You are viewing a plain text version of this content. The canonical link for it is here.
Posted to user@pig.apache.org by "dirk.mst@gmail.com" <di...@gmail.com> on 2011/06/17 10:44:45 UTC

CombinedLogLoader with .gz support?

Hello Pig mailing list,

I have around 10 TB of apache log files (1 TB as .gz compressed files)
and analyze these files with pig.
Obviously apache log files can be compressed pretty good with gzip, so
it would be great if Pig would accept the log files in compressed
form.

Is this possible with the CombinedLogLoader from contrib/piggybank or
is there any other way to do this? It is pretty easy with the normal
TextLoader. It automatically detects if the file is a .gz file.

If there is no way, would the RegExLoader be the correct class to extend?

Regards
Dirk

Re: CombinedLogLoader with .gz support?

Posted by Dmitriy Ryaboy <dv...@gmail.com>.
Dirk, if you look at the code for pigStorage, you'll see some code in there that looks at file names and chooses the right input format to use based on that. You should just add the same thing to regexloader.  

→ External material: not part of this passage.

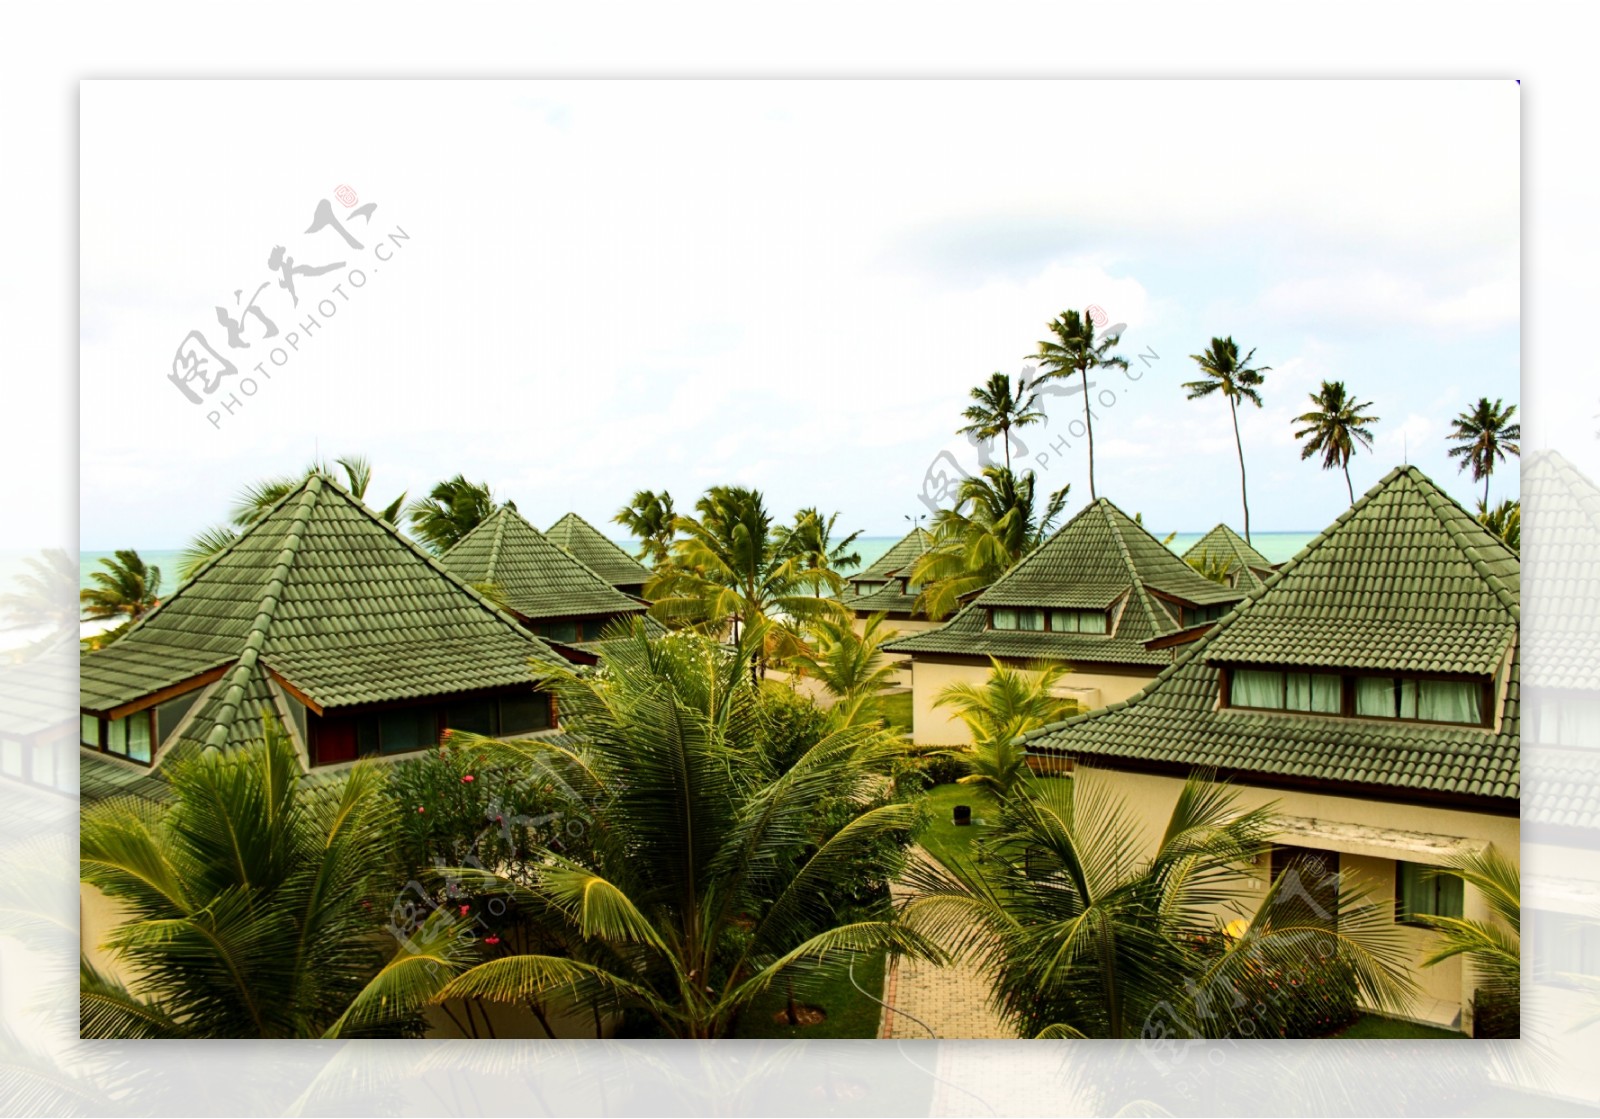 椰树林里的别墅摄影高清图片

On Jun 17, 2011, at 1:44 AM, "dirk.mst@gmail.com" <di...@gmail.com> wrote:

> Hello Pig mailing list,
> 
> I have around 10 TB of apache log files (1 TB as .gz compressed files)
> and analyze these files with pig.
> Obviously apache log files can be compressed pretty good with gzip, so
> it would be great if Pig would accept the log files in compressed
> form.
> 
> Is this possible with the CombinedLogLoader from contrib/piggybank or
> is there any other way to do this? It is pretty easy with the normal
> TextLoader. It automatically detects if the file is a .gz file.
> 
> If there is no way, would the RegExLoader be the correct class to extend?
> 
> Regards
> Dirk